Анна и Сергей Литвиновы - Бойся своих желаний
Тем ценнее оказался момент, когда Наташа, вернувшись в субботу из школы, вдруг, даже не переодевшись в домашнее из школьной формы, пришла к ней на кухню и сказала:
– Мамочка, я хочу с тобой поговорить.
– Конечно, милая.
Васнецова-старшая как раз раскатывала тесто: надо же хоть чем-то поднять настроение мужу, побаловать его на выходные любимым «наполеоном» на четырнадцати коржах.
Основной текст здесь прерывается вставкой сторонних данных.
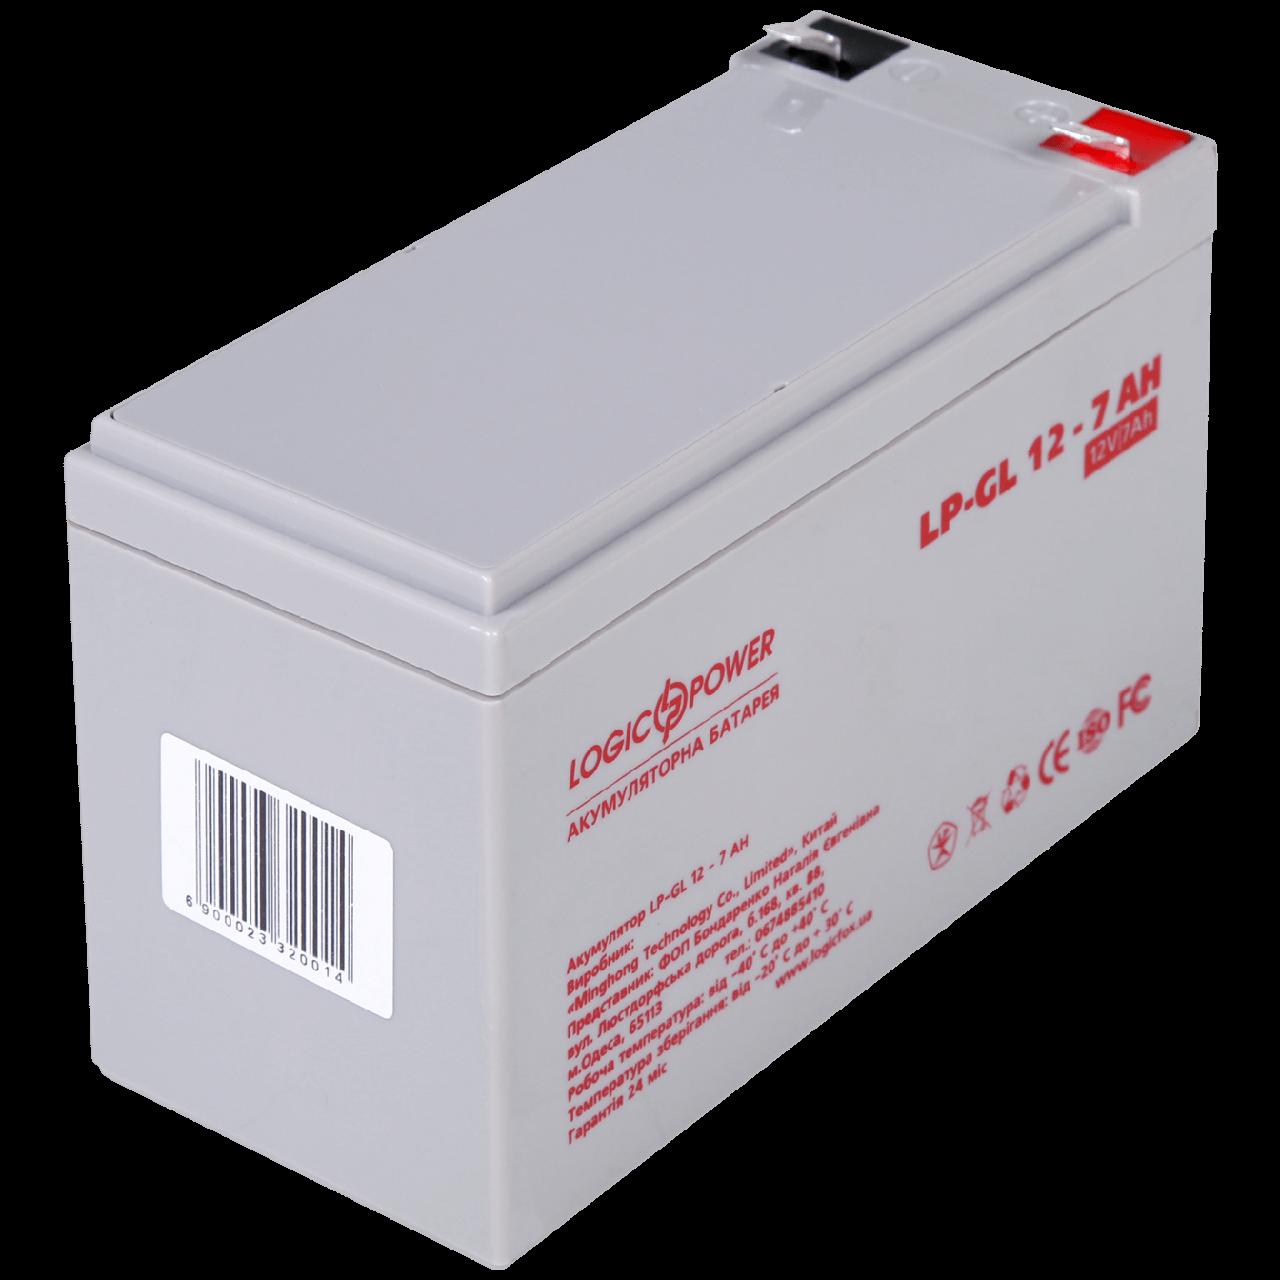 Акумулятор гелевий LP-GL 12 - 7 AH
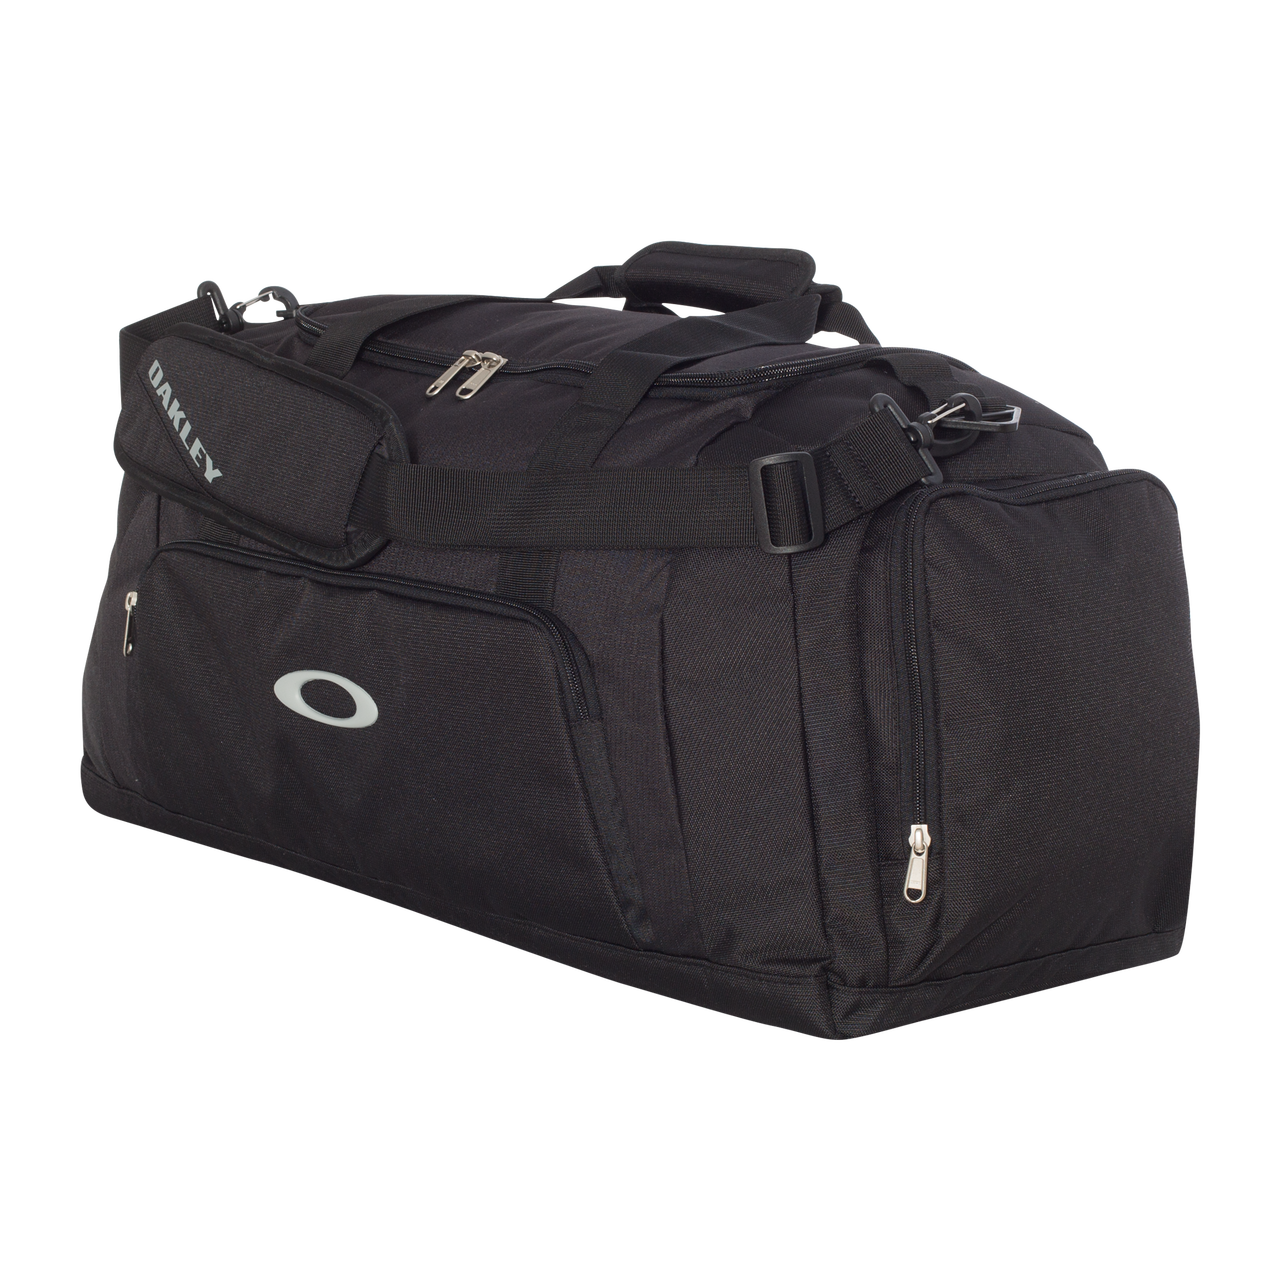 92904ODM Oakley Crestible Gym Duffle Bag   T-shirt.ca

А Наталья села на табуреточку за кухонный стол и вдруг зарыдала. Она закрыла лицо ладонями и плакала, плакала… Валентина Петровна кинулась к ней, прижалась – жаль не могла обнять, руки все в муке.
– Ну что ты, миленькая, что ты, – причитала она, словно дочка была неразумной детсадовкой. – Все пройдет, я с тобой, ну что случилось, до свадьбы заживет…
При слове «свадьба» девочка стала рыдать еще горше, и в душу матери закрадывались смутные и горькие подозрения. Нет, не может быть!..
– Что, милая, что? – спрашивала она, обнимая дочь, и плевать, что измазала ей плечо мукой, отряхнем. – Что-то было, да?
Девочка быстро и отчаянно закивала, и внутри у Васнецовой-старшей все обмерло. И еще у нее, наверное, появилась способность к ясновидению, потому что она спросила:
– Там, на Дальнем Востоке?
Дочка опять стала отчаянно кивать, словно торопилась признаться во всем, пока хватает духа.
– Это – один из них, да? – прозревши сердцем, спросила мама.
– Да-а-а… – проныла сквозь слезы Наташа.
– Ох, мерзавцы! Что за подлецы! – воскликнула Васнецова-старшая. – И что теперь? Есть последствия, да?
И сердце у нее совсем уж наполнилось горем и печалью, потому что ее любимая маленькая девочка вновь кивнула.
Матери захотелось взвыть, надавать пощечин дочери, удариться головой о стену – но разумом она понимала: ничего подобного делать не следует, поэтому только оторвала свои руки от Натальи и впилась ногтями в собственные ладони. Боль привела ее в чувство, исцелила от гнева, а тут и девочка ее маленькая перестала рыдать, и тогда Валентина бодро сказала:
– Ладно. Что случилось – то случилось. Давай пить чай.
– К черту чай! – экспансивно воскликнула дочь. – Не хочу я ничего!
– Ну, будет, будет. Произошедшее еще не повод от маминого чая отказываться. «Наполеон» пока не готов, но ничего, я конфеточек шоколадных купила.
– А обед? – вдруг улыбнулась заплаканная Наташа.
– Обед, как ты сказала, ко всем чертям! – бодро воскликнула мать. – Будем пить чай и объедаться сладеньким!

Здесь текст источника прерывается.